### ACTIVITY:
Repeat the lines from the one containing "The table measures: 60" through the end of the listing exactly, both ends included. Do not carry over any pictures.

### INFORMATION SHOWN:
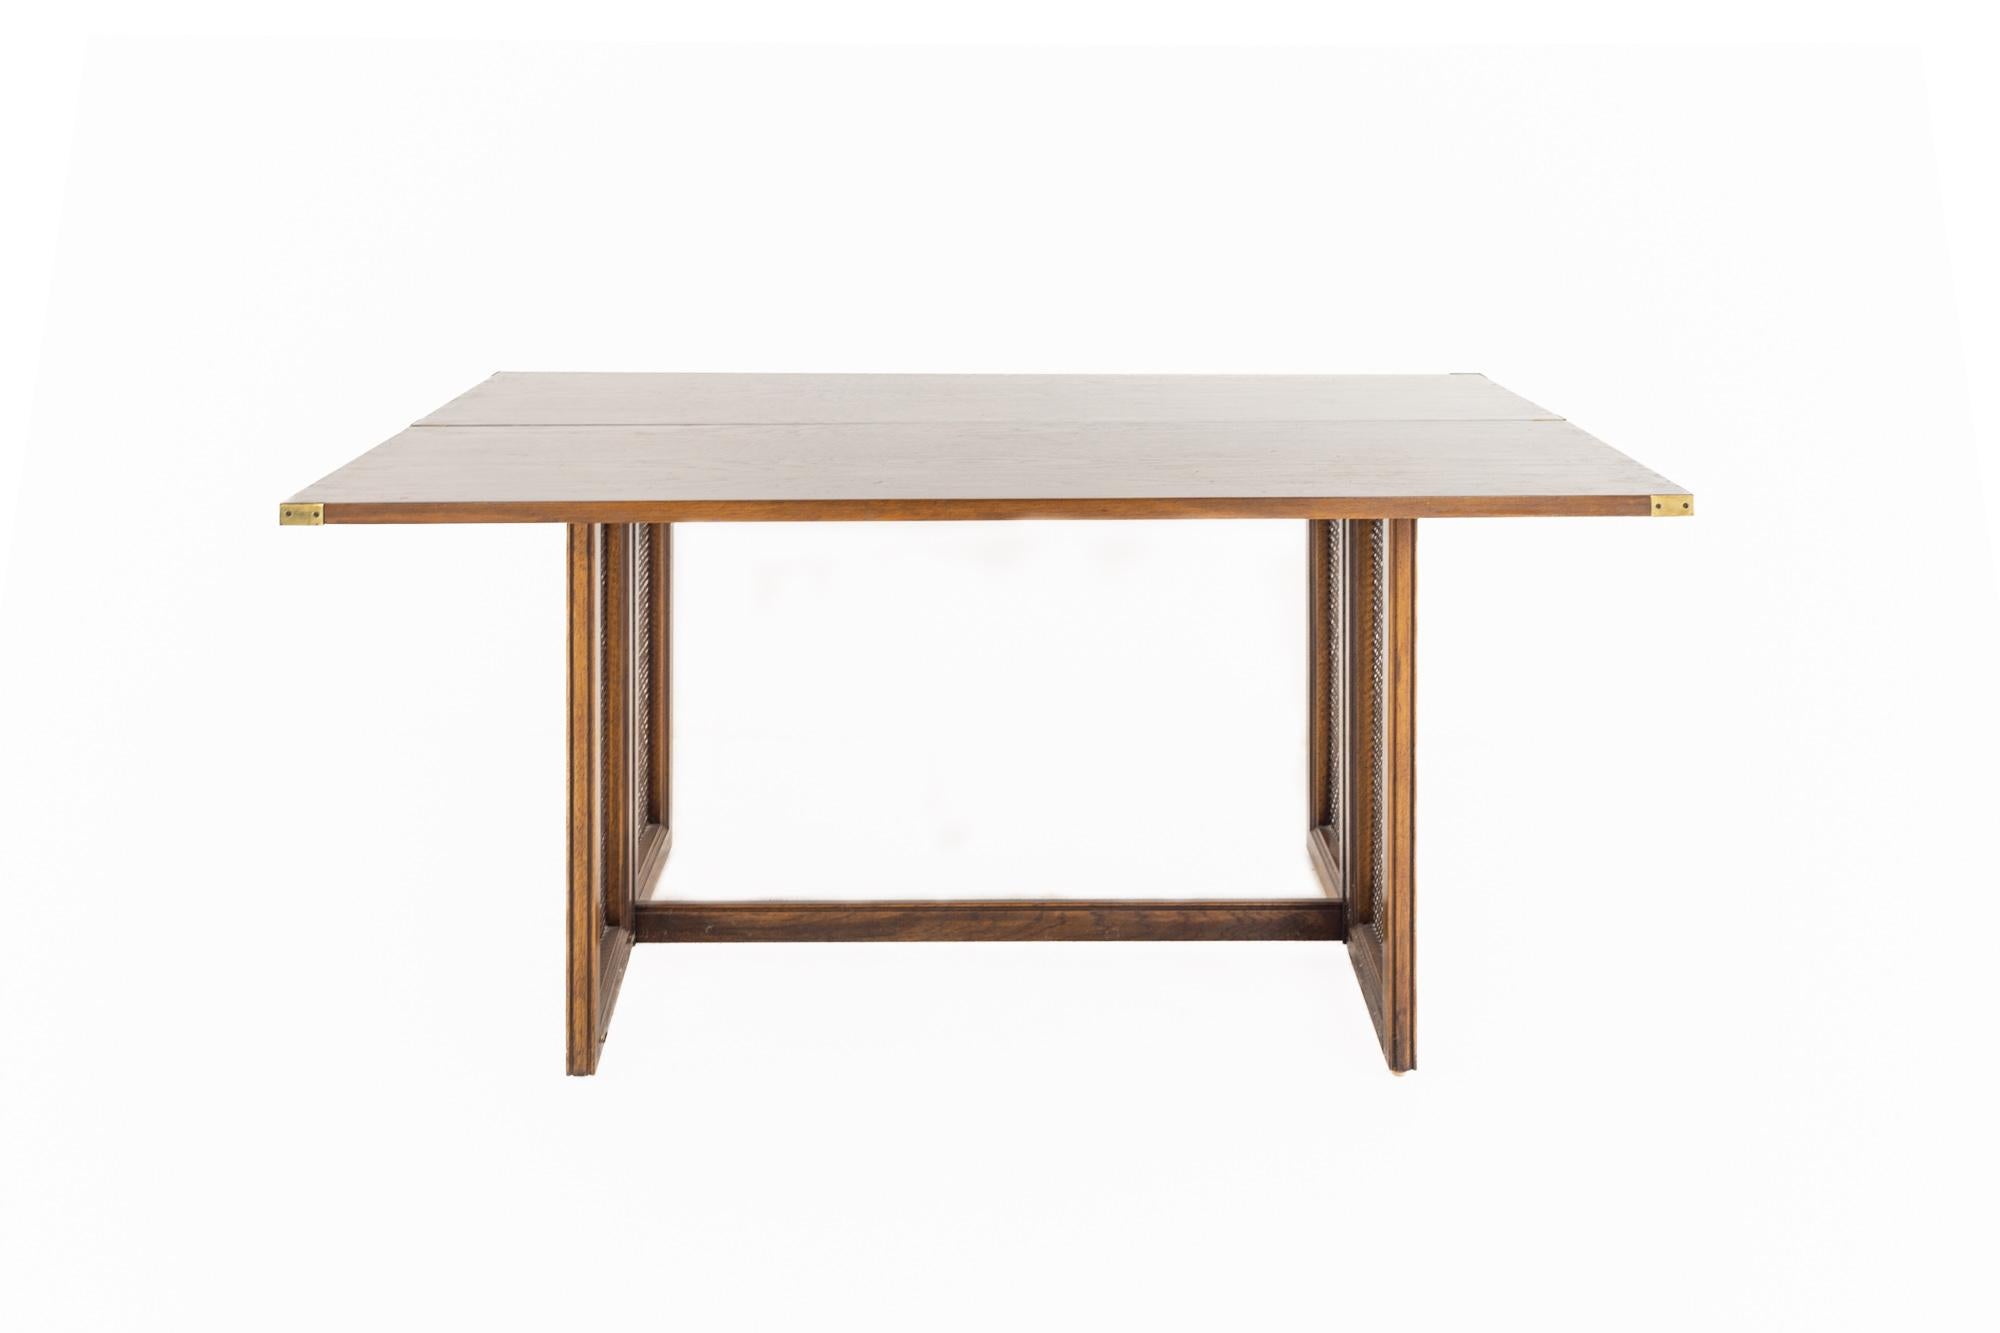 Drexel mid century walnut and cane flip console dining table

The table measures: 60 wide x 36 deep x 28.5 inches high

All pieces of furniture can be had in what we call restored vintage condition. That means the piece is restored upon purchase
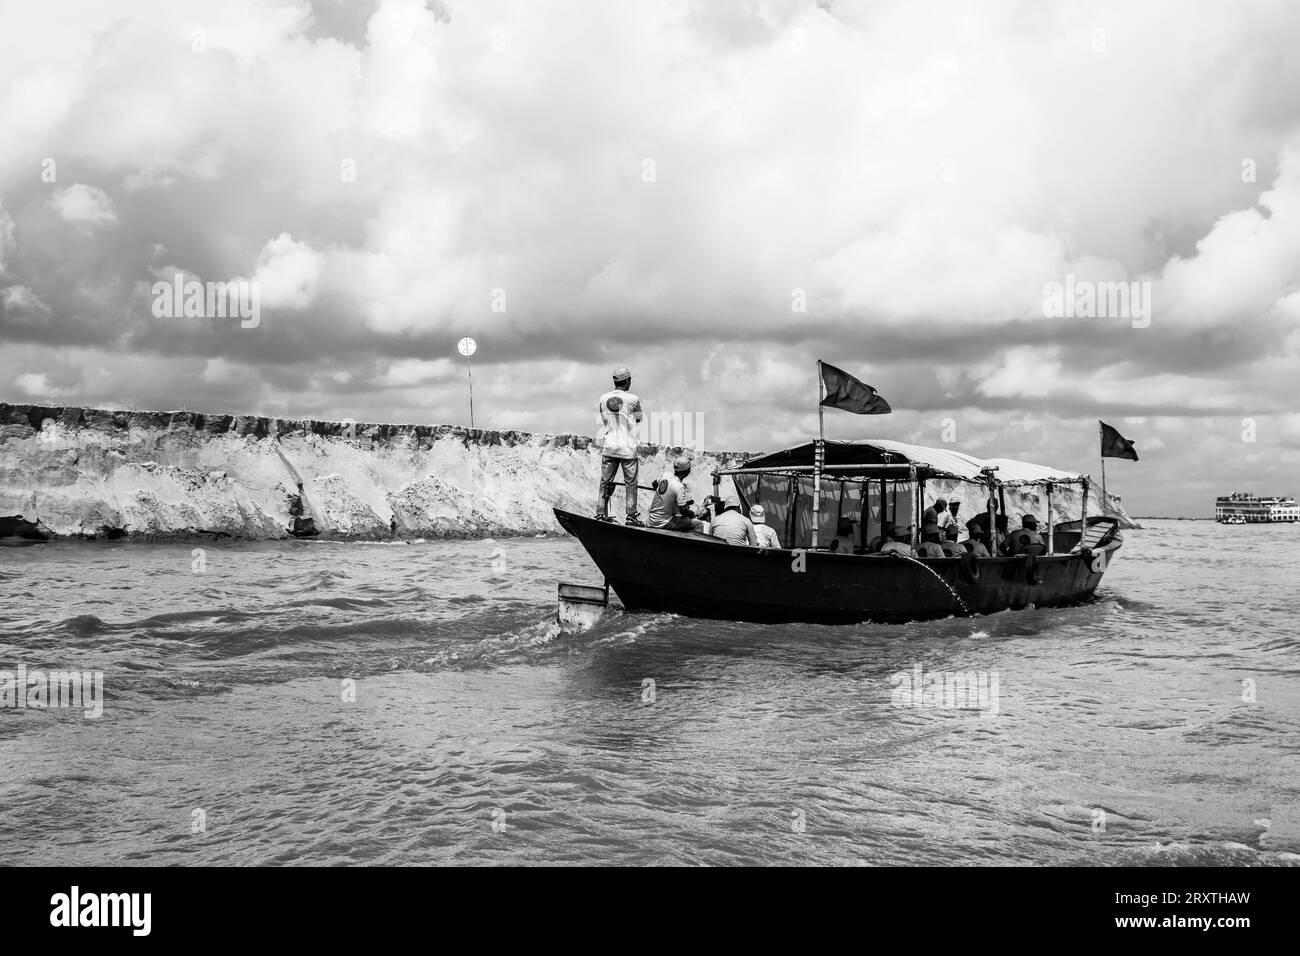 Padma riverbank erosion photography This image was captured on July 25, 2022, from Padma River, Bnagladesh Stock Photo

### WRITTEN SOLUTION:
The table measures: 60 wide x 36 deep x 28.5 inches high

All pieces of furniture can be had in what we call restored vintage condition. That means the piece is restored upon purchase
 Padma riverbank erosion photography This image was captured on July 25, 2022, from Padma River, Bnagladesh Stock Photo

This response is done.